## Problem
Within the records below is a range that opens at the line with "Drzwi przesuwne naścienne" and closes at the line with "Manja Bunschoten van". Return that range word for word, both ends included, and only that range.

## Exercise inputs
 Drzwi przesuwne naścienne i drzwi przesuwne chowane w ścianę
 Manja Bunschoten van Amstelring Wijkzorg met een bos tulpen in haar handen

...

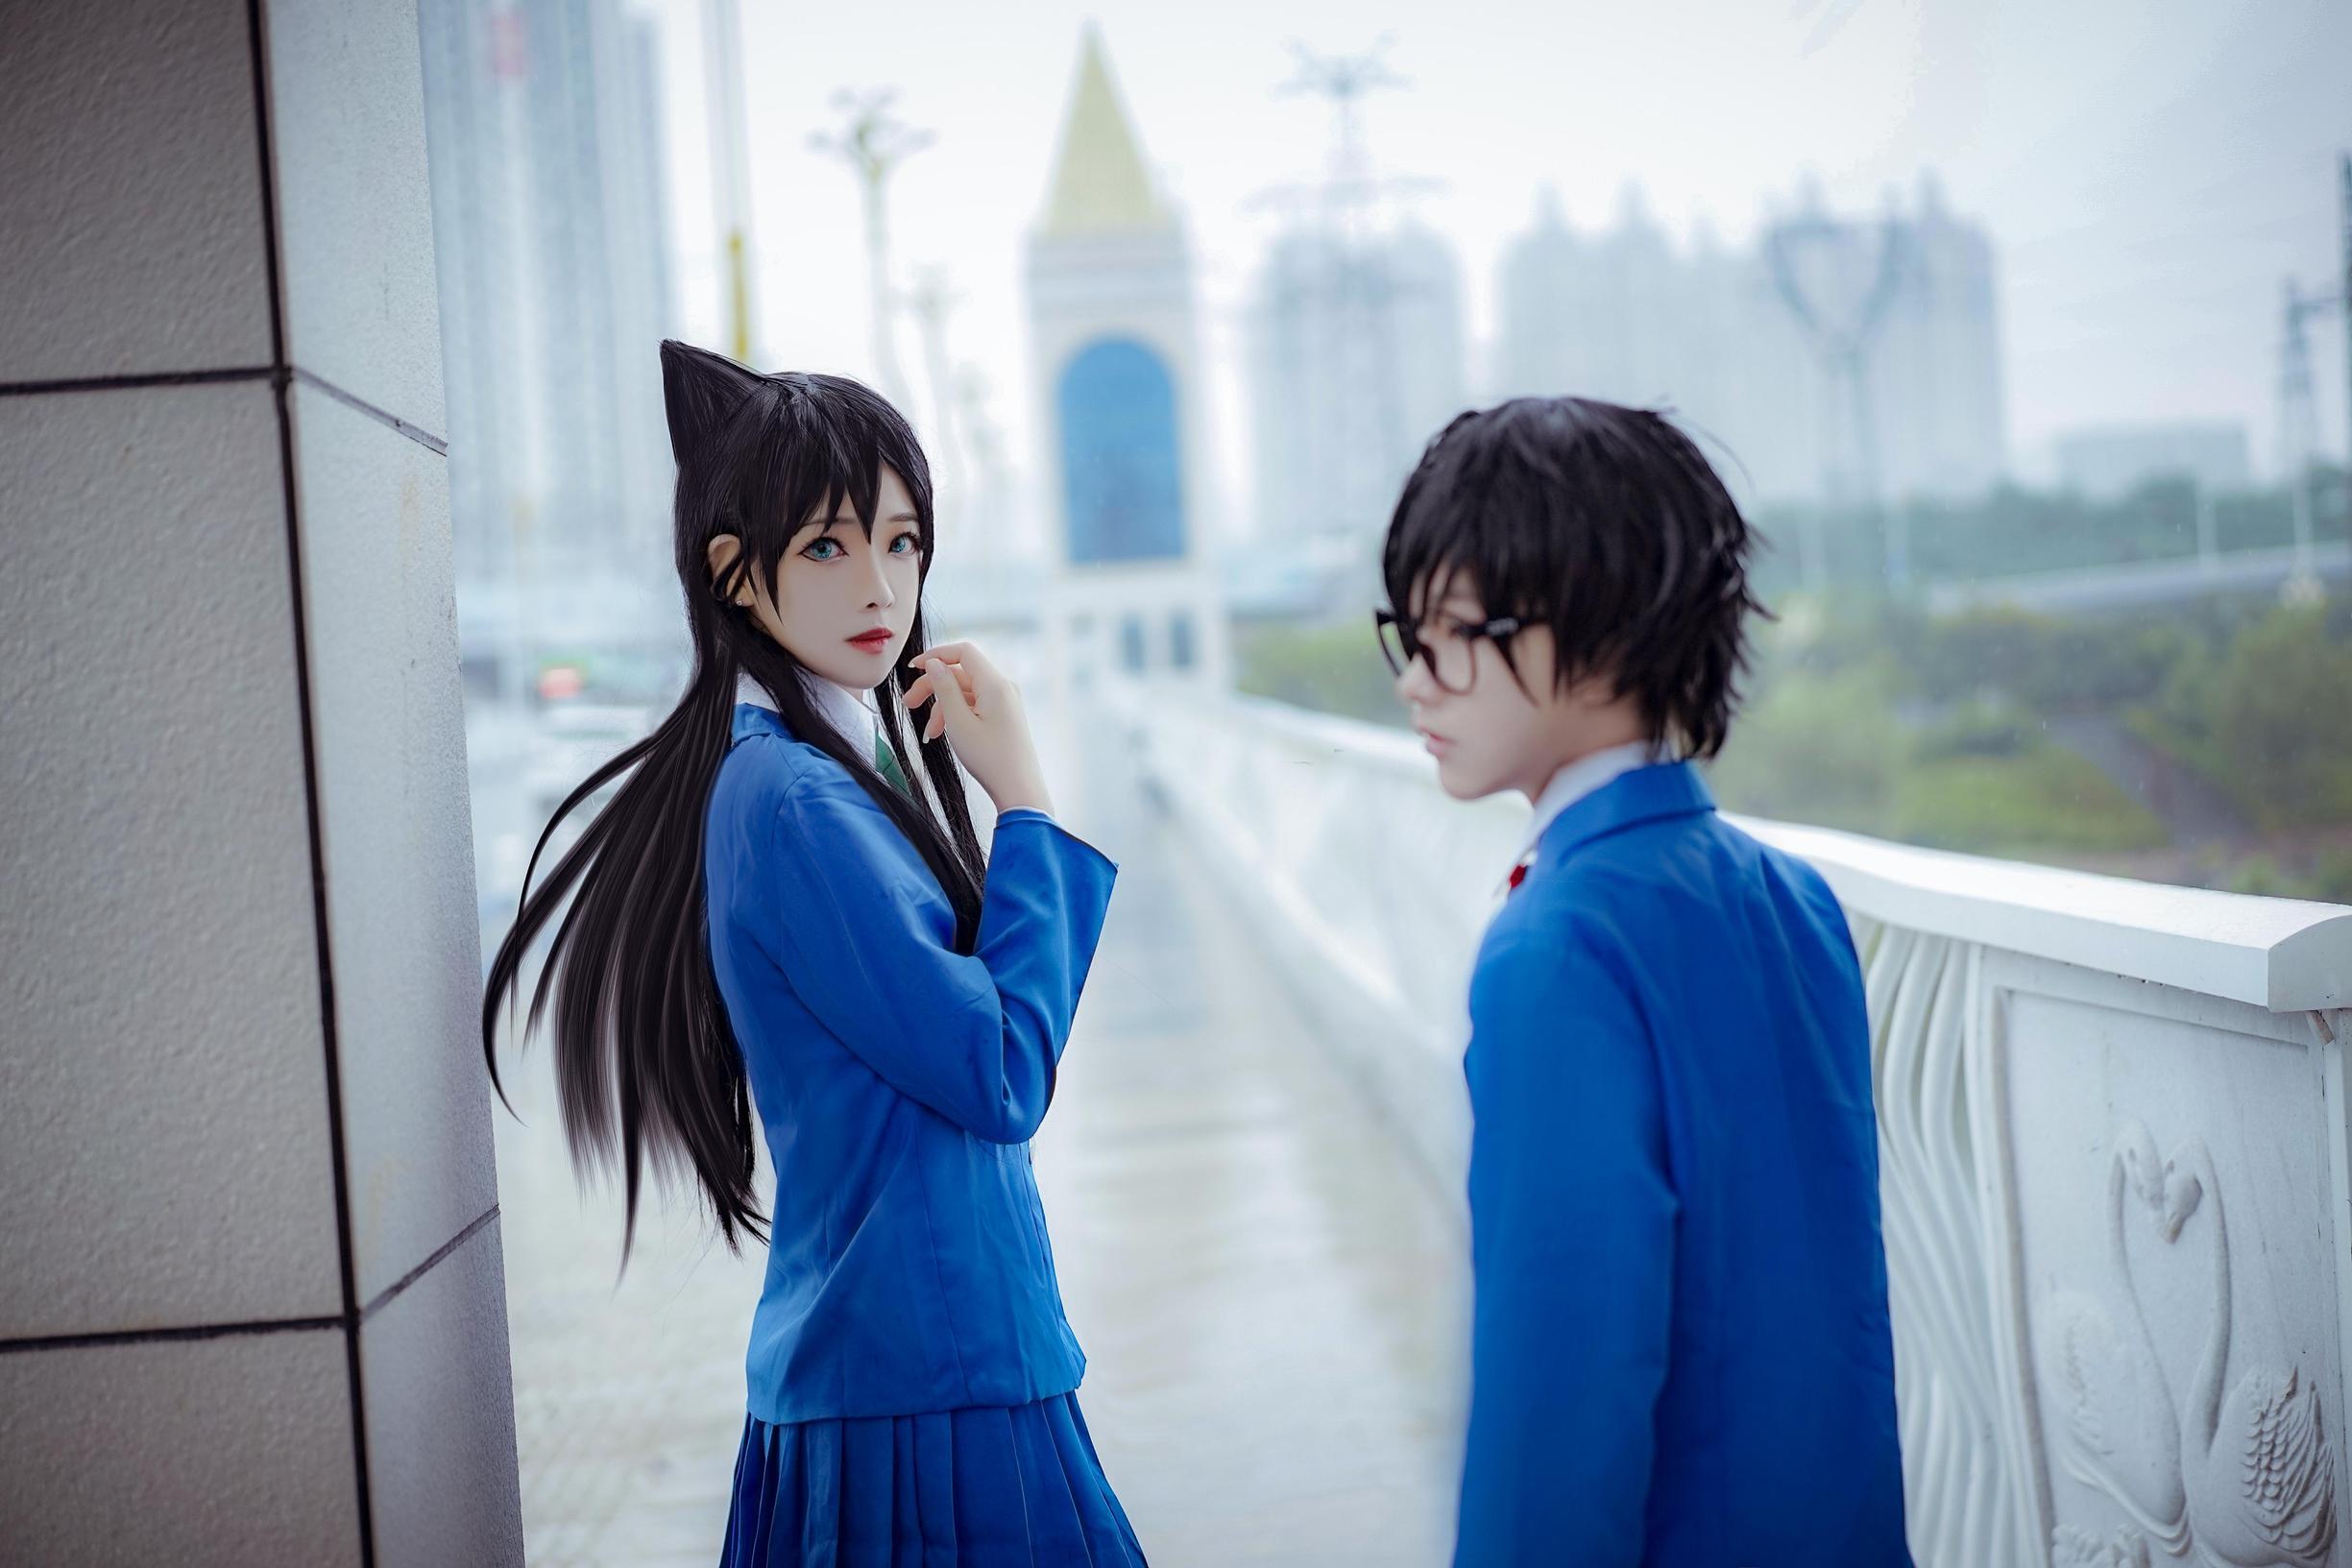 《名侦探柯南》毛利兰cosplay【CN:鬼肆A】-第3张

--

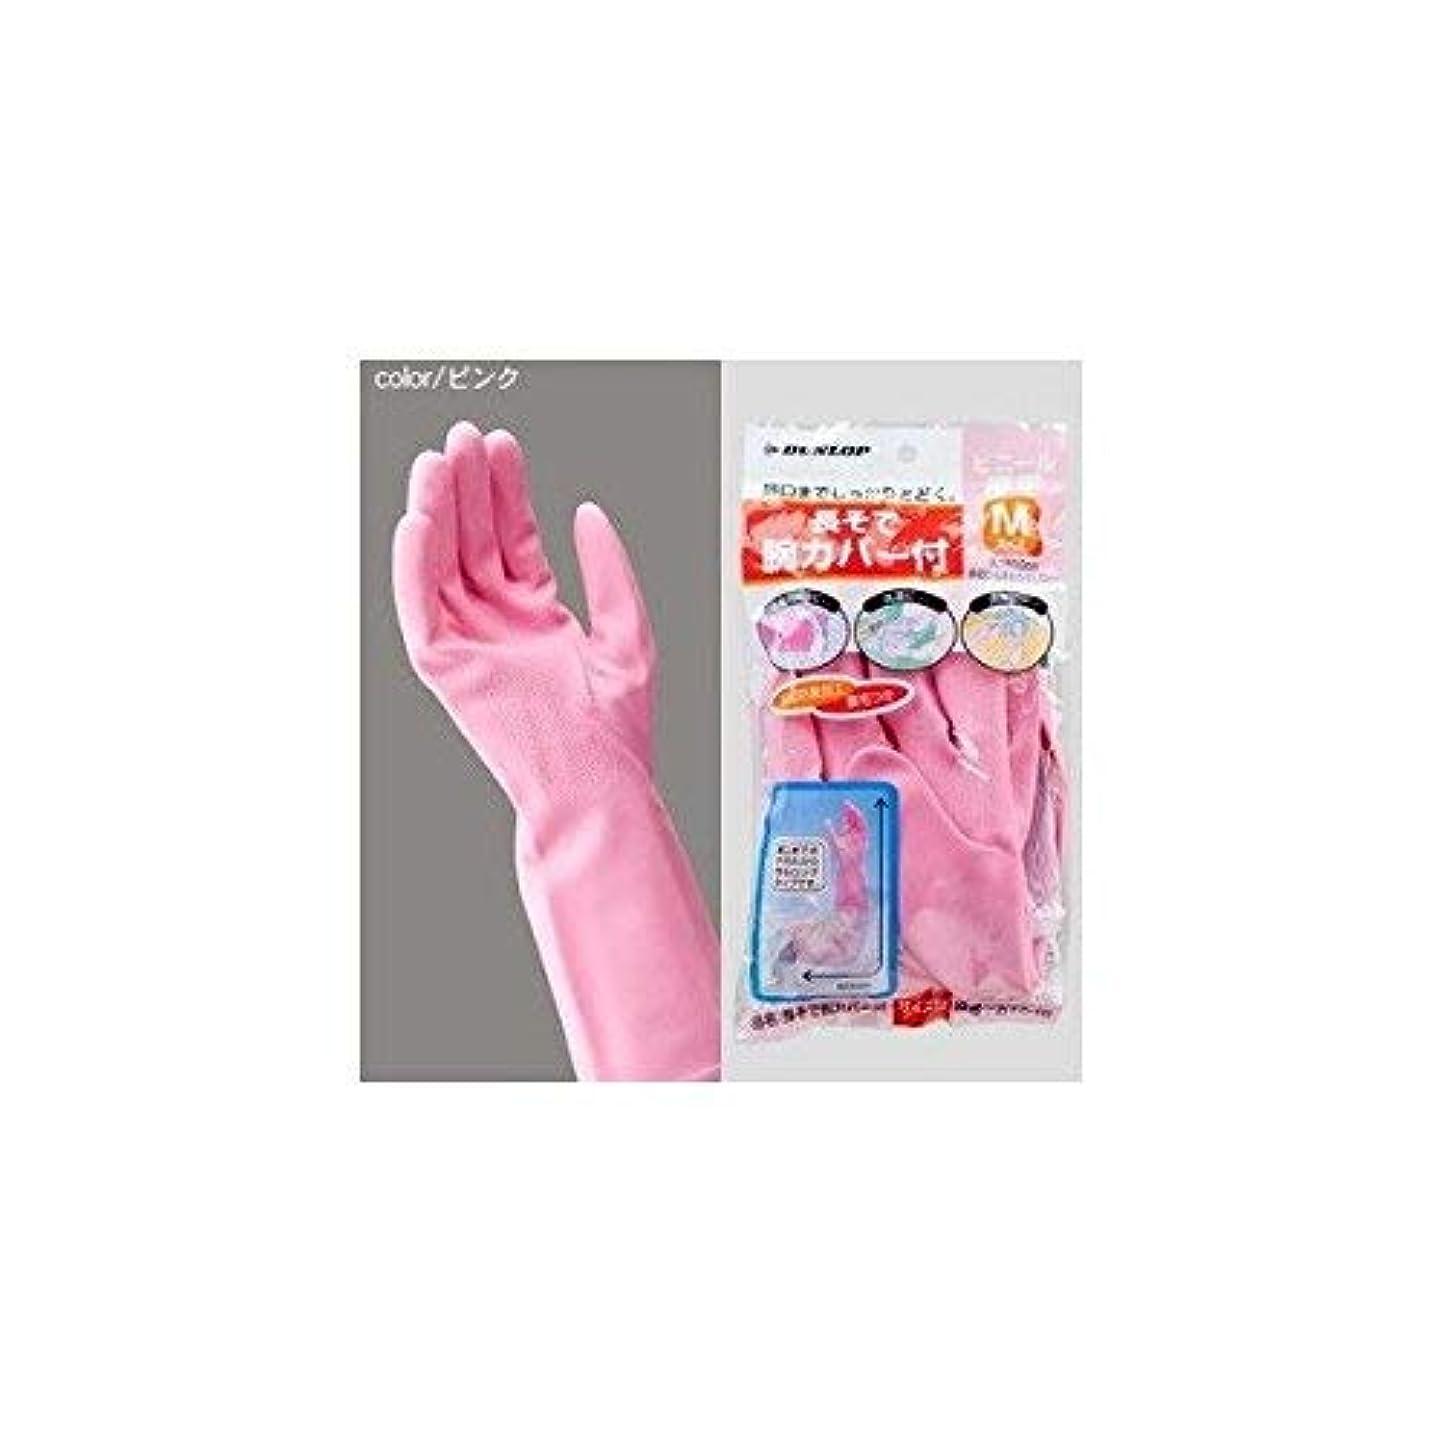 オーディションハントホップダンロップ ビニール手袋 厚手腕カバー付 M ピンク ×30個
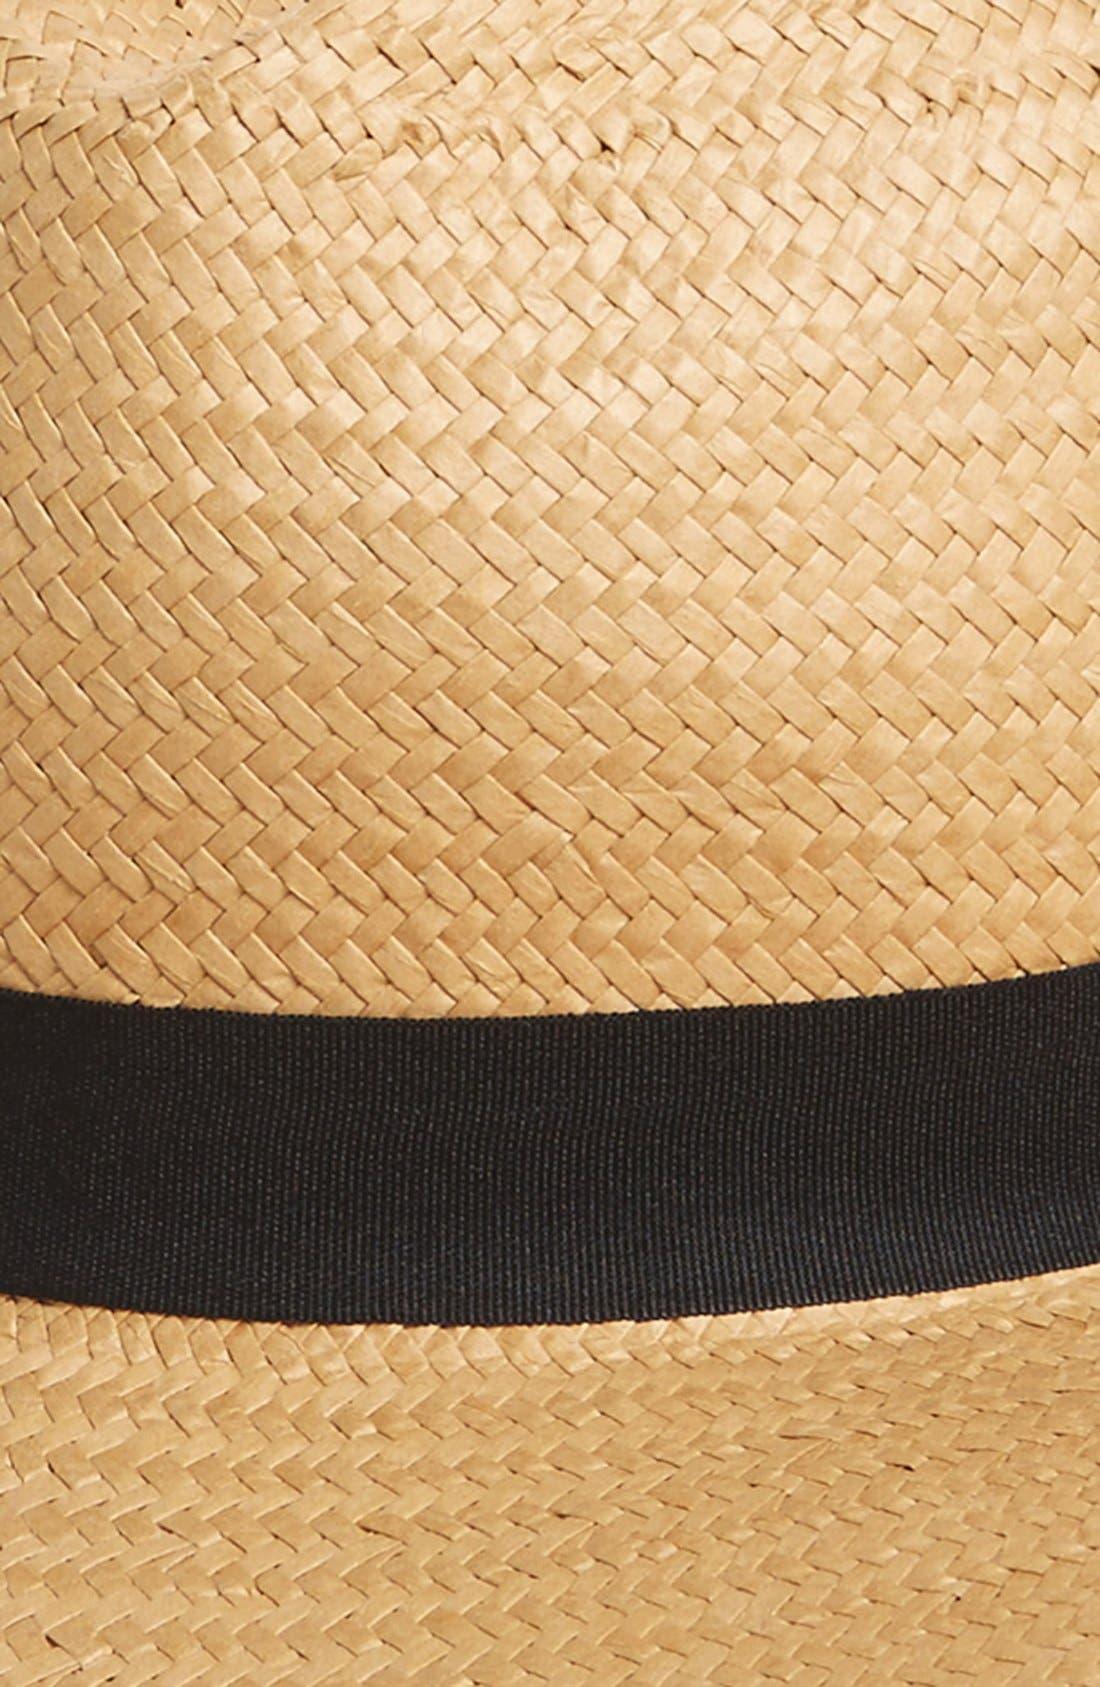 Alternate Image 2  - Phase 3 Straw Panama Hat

## Expected output
 Drzwi przesuwne naścienne i drzwi przesuwne chowane w ścianę
 Manja Bunschoten van Amstelring Wijkzorg met een bos tulpen in haar handen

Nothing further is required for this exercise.